Focal Point JPIK Riau, Zainuri Hasyim dalam keterangan persnya yang diterima Beritalingkungan.com (27/2) mengungkapkan sejak tahun 2010 JPIK Riau telah melakukan pemantauan terhadap perusahaan yang akan melaksanakan penilaian terhadap SVLK,
Sumber : Jaringan Pemantau Independen Kehutanan (JPIK) |
“Kami telah melakukan pemantauan terhadap beberapa perusahaan yang bermasalah tersebut, antara lain Sertifikasi PHPL atas PT. Riau Andalan Pulp & Paper (RAPP) dan PT. Arara Abadi.
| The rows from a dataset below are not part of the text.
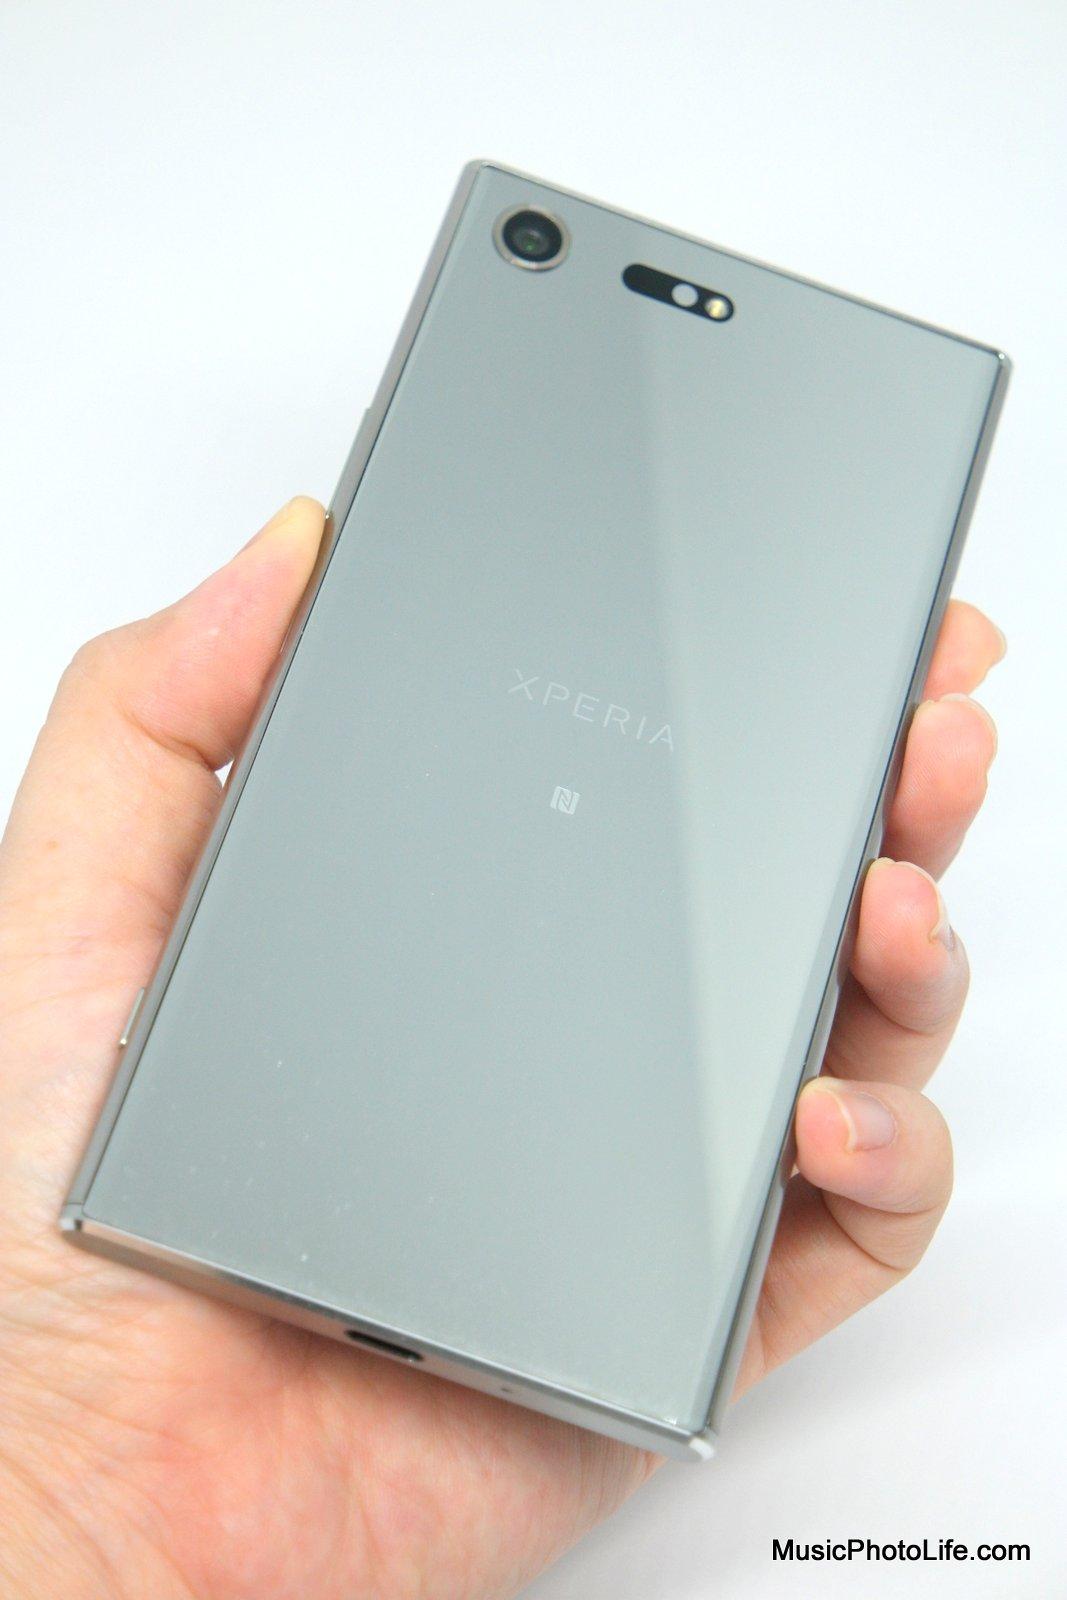 Sony Xperia XZ Premium shot on Whitebox Lightbox, review by musicphotolife.com
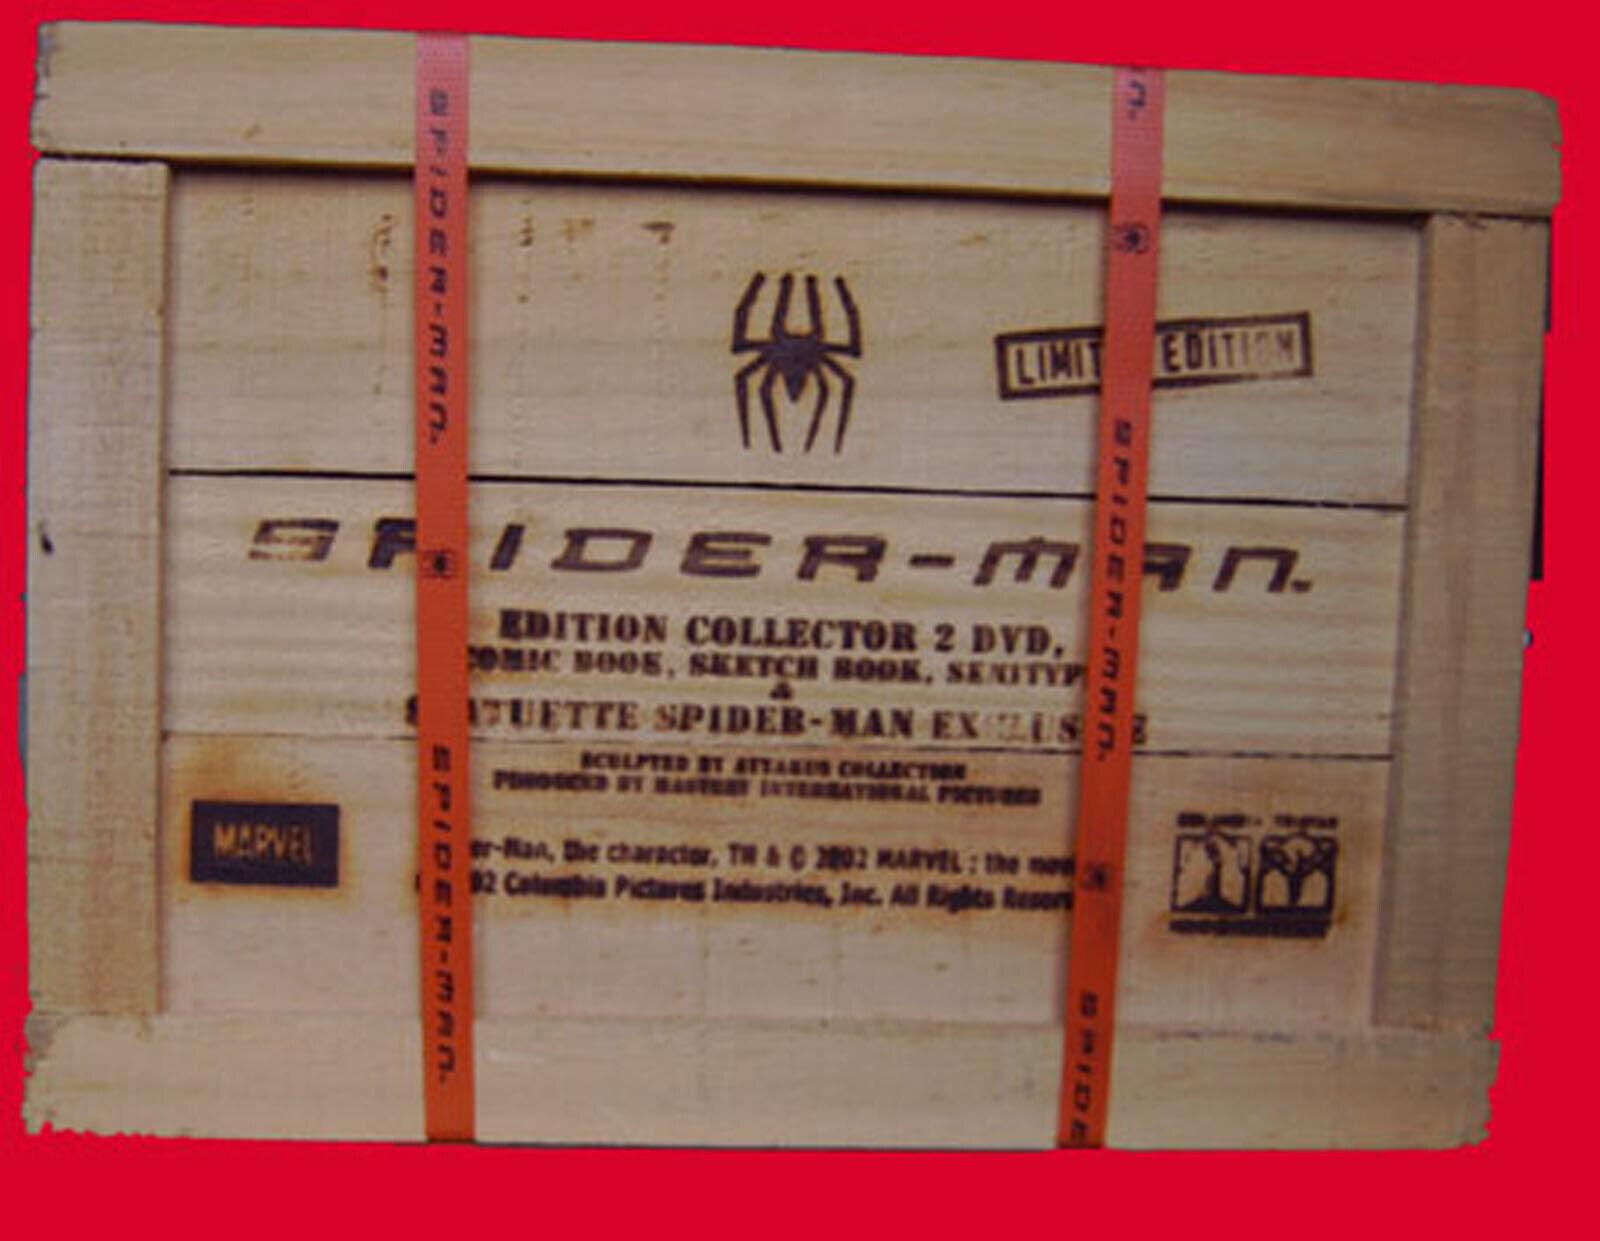 COFFRET BOIS SPIDER-MAN  Ultimate  EDITION LIMITEE LIMITEE LIMITEE NEUF SCELLE 7bfc18
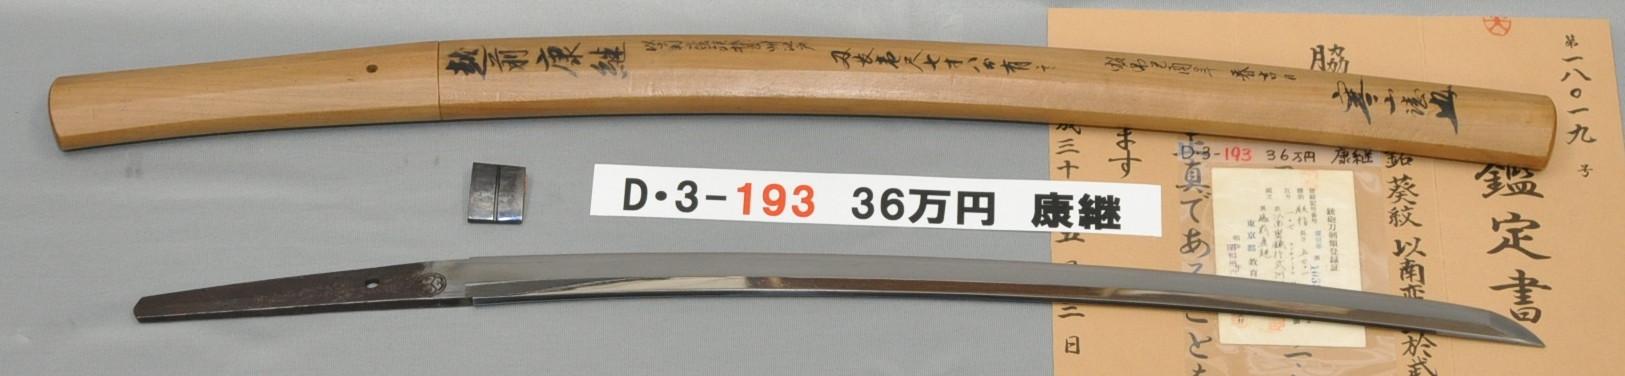 D3193

Dalam proses pemantauan, kami kesulitan memperoleh data dan informasi atas proses sertifikasi dan hasil atas sertifikasi tersebut.”jelasnya.
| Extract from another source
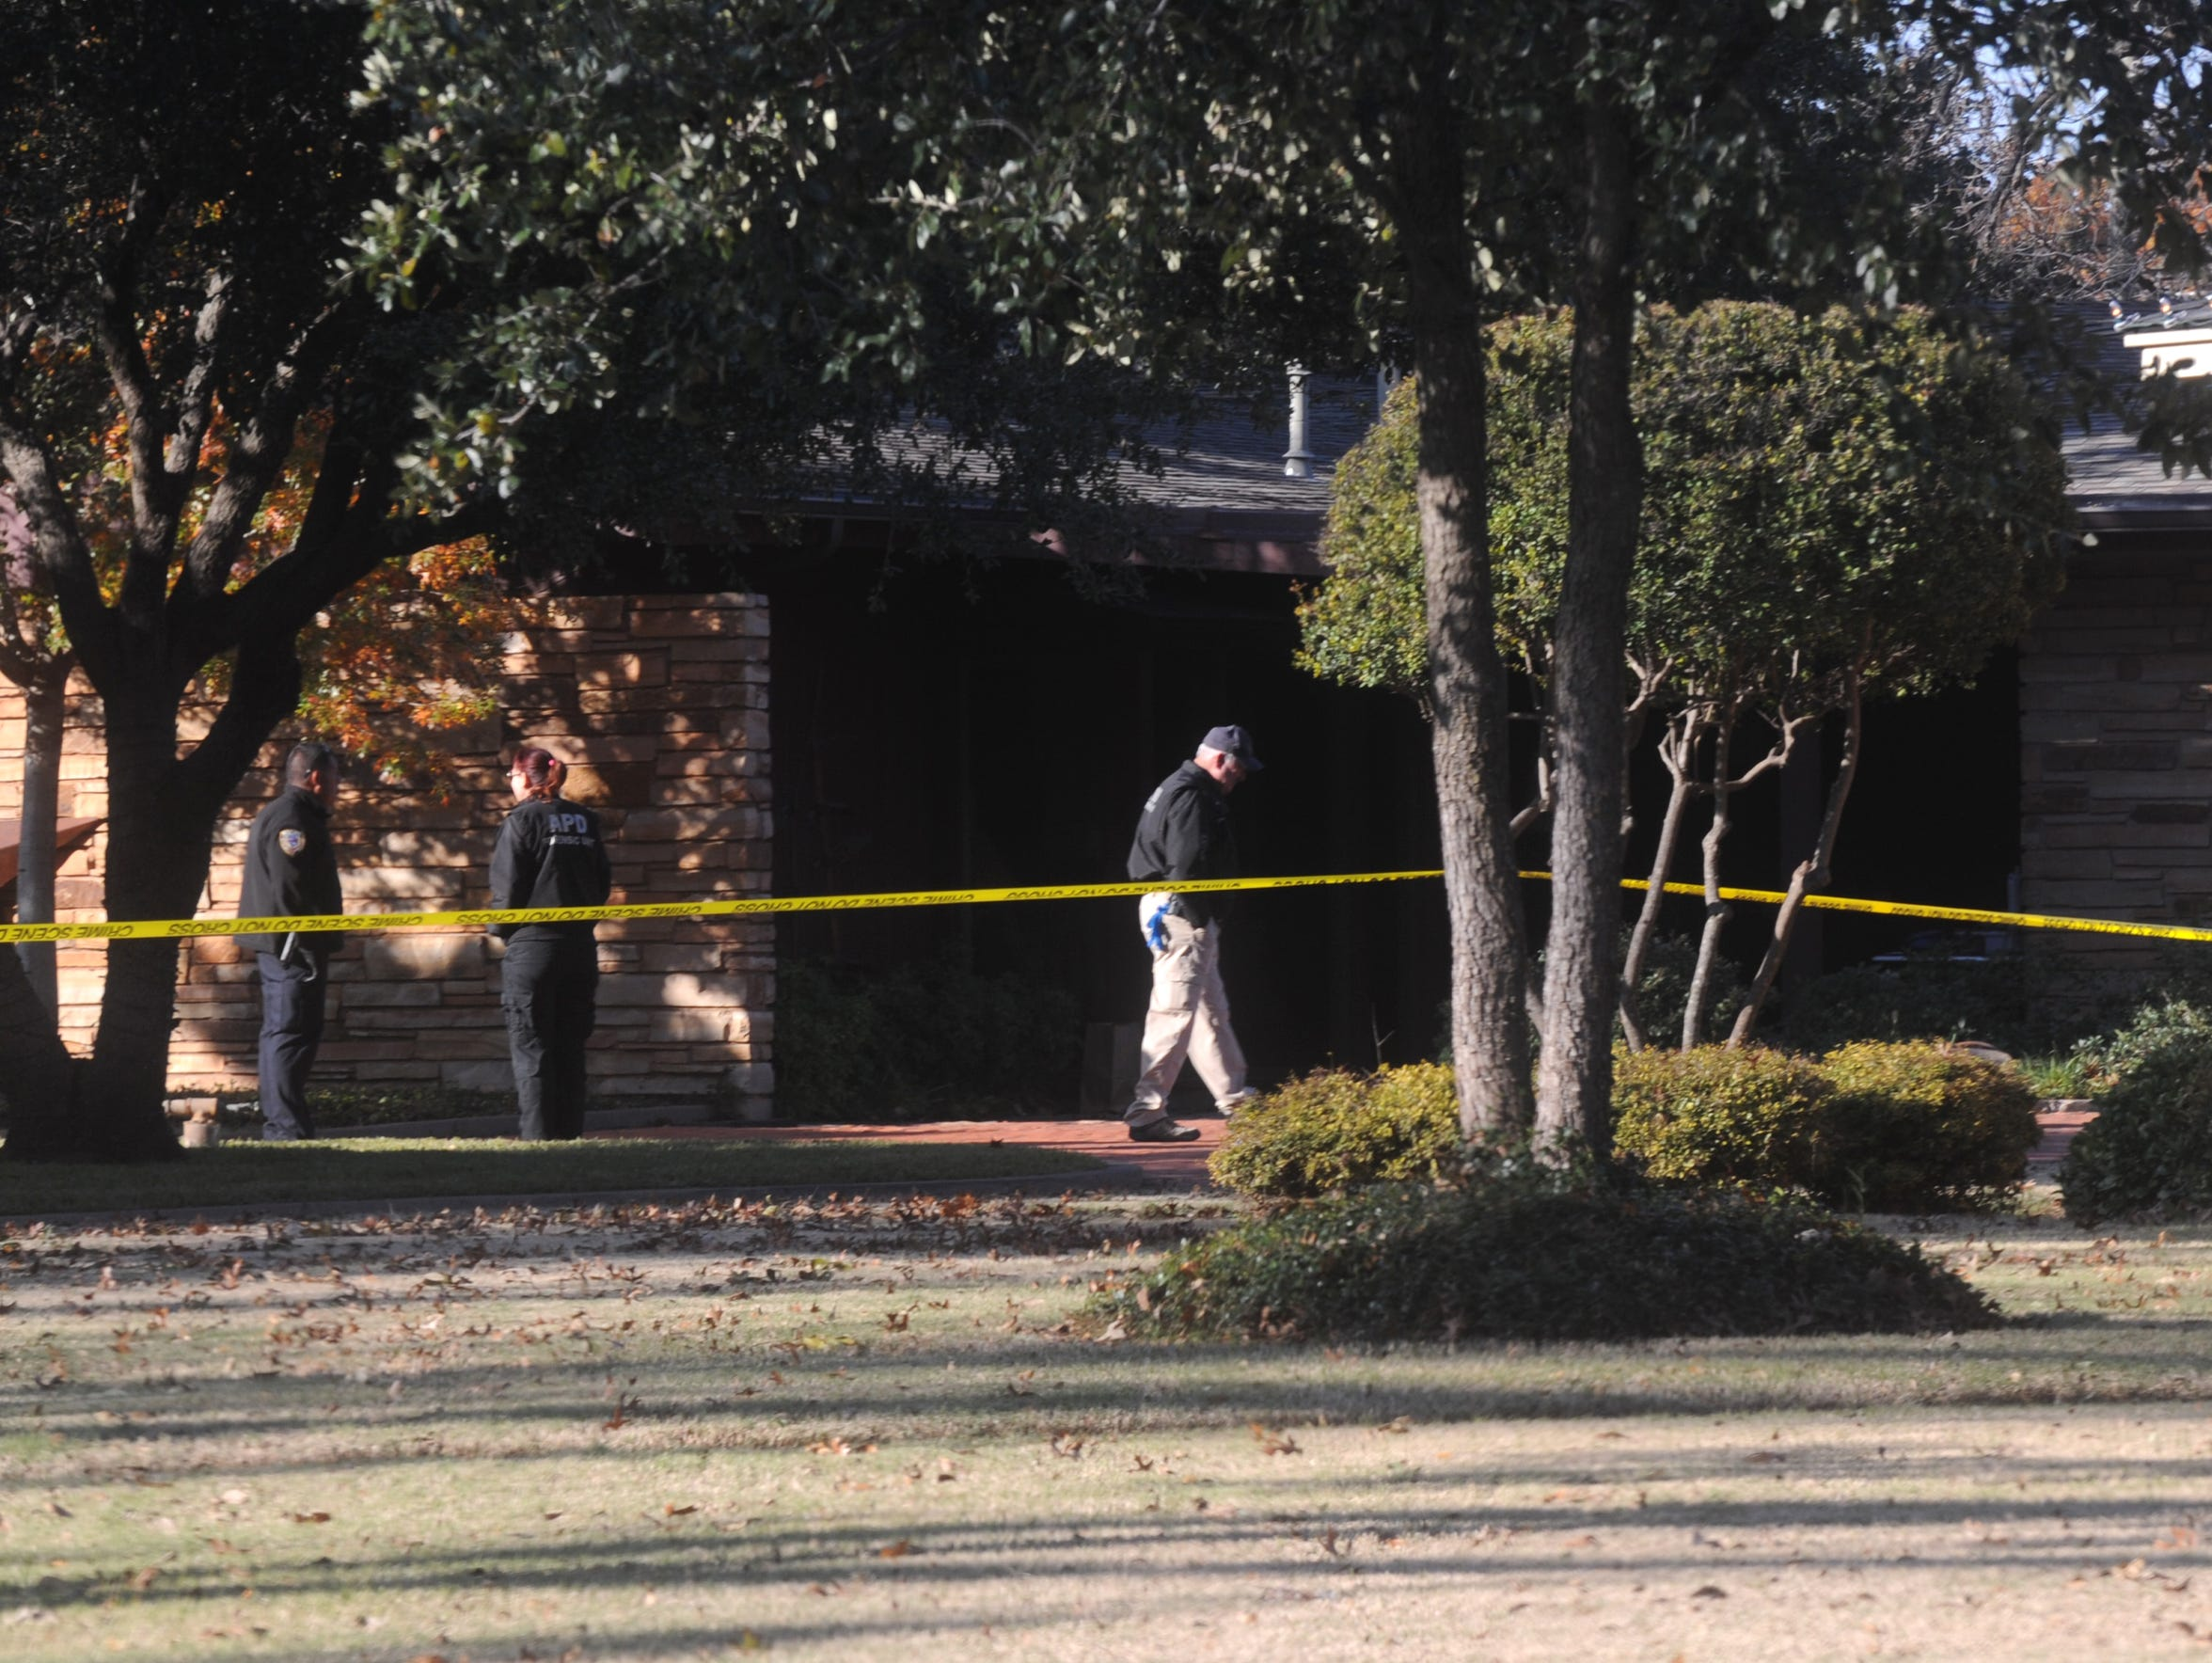 Abilene forensic unit officers prepare to investigate

Zainuri menambahkan dari hasil pemantauan, terdapat permasalahan atas kinerja perusahaan baik dari aspek prasyarat, ekologi dan sosial yang belum tuntas dan terindikasi ditutupi oleh lembaga yang melakukan penilaian dan perusahaan yang dinilai.
“Indikasi atas adanya permasalahan atas kinerja perusahaan ini menguat saat KPK membuka kembali kasus ini. Oleh karena itu, terkait sertifikat SVLK yang diterima perusahaan ini harus dipertanggungjawabkan, tidak hanya oleh perusahaan tetapi juga lembaga sertifikasi/penilai yang telah menerbitkan sertifikat tersebut. Komite Akreditasi Nasional (KAN) dan Kementerian Kehutanan juga turut bertanggung jawab atas hal ini,” ujar Zainuri Hasyim.
Sementara itu Dinamisator Nasional JPIK, Abu Meridian mengungkapkan JPIK selalu mengupayakan dalam forum perumusan aturan SVLK agar akar permasalahan di sektor kehutanan yaitu proses perizinan harus termasuk dalam salah satu verifier dominan (utama) bukan menjadi verifier co-dominan (penunjang) dalam penilaian pada SVLK.
“Bagaimana kita bisa berhasil dalam melakukan perbaikan tata kelola kehutanan kita, jika akar permasalahan tidak menjadi salah satu aspek yang penting untuk dinilai dalam SVLK ini,” kata Abu.
Abu juga menambahkan, kasus yang terjadi di Riau ini memperlihatkan pada semua pihak bahwa masih terjadi praktek-praktek yang tidak sehat dalam proses perizinan di sektor kehutanan yang melibatkan pemerintah baik pusat maupun daerah.
JPIK akan mendorong aspek perizinan menjadi bagian penting atau wajib dalam proses penilaian SVLK termasuk yang berkaitan dengan proses memperoleh izin tersebut sehingga terbitnya SVLK tidak menjadi legitimasi perusahaan atas apa yang telah mereka perbuat.
“Kita lihat apa yang terjadi di Riau dengan adanya dugaan suap (korupsi) dalam proses perizinan di sektor kehutanan adalah bukti bahwa diperolehnya sertifikat SVLK-baik sertifikat-PHPL dan sertifikat-LK-terhadap beberapa perusahaan HTI di Riau cacat secara penilaian. Sudah seharusnya kasus ini menjadi contoh untuk perbaikan SVLK terkait aspek perizinan, agar SVLK menjadi kredibel.” (Marwan Azis).